Reiner Vogel1, Mohana Mahalingam, Steffen Lüdeke, Thomas Huber, Friedrich Siebert, Thomas P Sakmar.   

Abstract

Activation of family A G-protein-coupled receptors involves a rearrangement of a conserved interhelical cytoplasmic hydrogen bond network between the E(D)RY motif on transmembrane helix 3 (H3) and residues on H6, which is commonly termed the cytoplasmic "ionic lock." Glu134(3.49) of the E(D)RY motif also forms an intrahelical salt bridge with neighboring Arg135(3.50) in the dark-state crystal structure of rhodopsin. We examined the roles of Glu134(3.49) and Arg135(3.50) on H3 and Glu247(6.30) and Glu249(6.32) on H6 on the activation of rhodopsin using Fourier transform infrared spectroscopy of wild-type and mutant pigments reconstituted into lipid membranes. Activation of rhodopsin is pH-dependent with proton uptake during the transition from the inactive Meta I to the active Meta II state. Glu134(3.49) of the ERY motif is identified as the proton-accepting group, using the Fourier transform infrared protonation signature and the absence of a pH dependence of activation in the E134Q mutant.

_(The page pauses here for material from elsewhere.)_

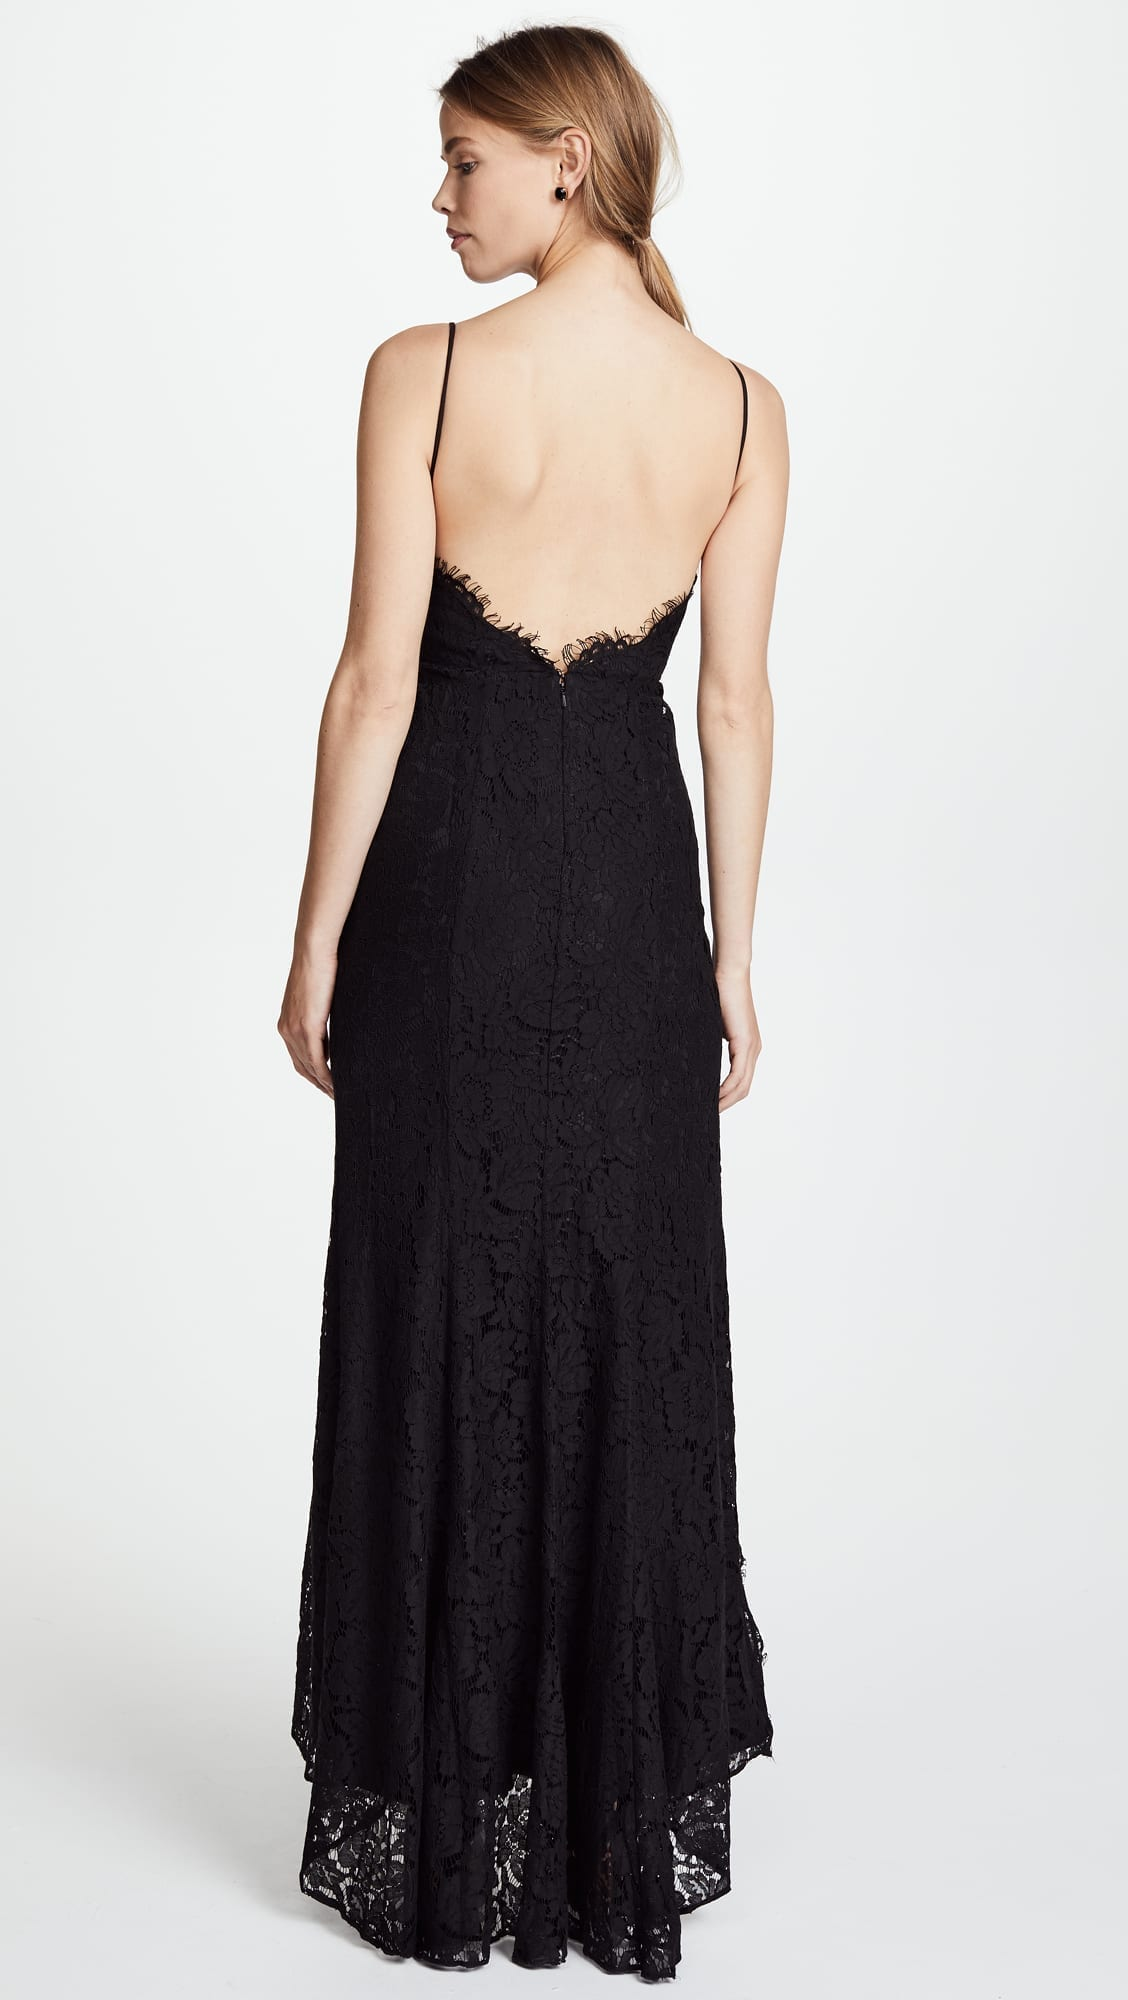 5ce6b762fef8f FAME AND PARTNERS The Everett Black Dress - We Select Dresses

Neutralization of Arg135(3.50) similarly leads to pH-independent receptor activation, but with structural alterations in the Meta II state. Neutralization of Glu247(6.30) and Glu249(6.32) on H6, which are involved in interhelical interactions with H3 and H7, respectively, led to a shift toward Meta II in the E247Q and E249Q mutants while retaining the pH sensitivity of the equilibrium. Disruption of the interhelical interaction of Glu247(6.30) and Glu249(6.32) on H6 with H3 and H7 plays its role during receptor activation, but neutralization of the intrahelical salt bridge between Glu134(3.49) and Arg135(3.50) is considerably more critical for shifting the photoproduct equilibrium to the active conformation. These conclusions are discussed in the context of recent structural data of the beta(2)-adrenergic receptor.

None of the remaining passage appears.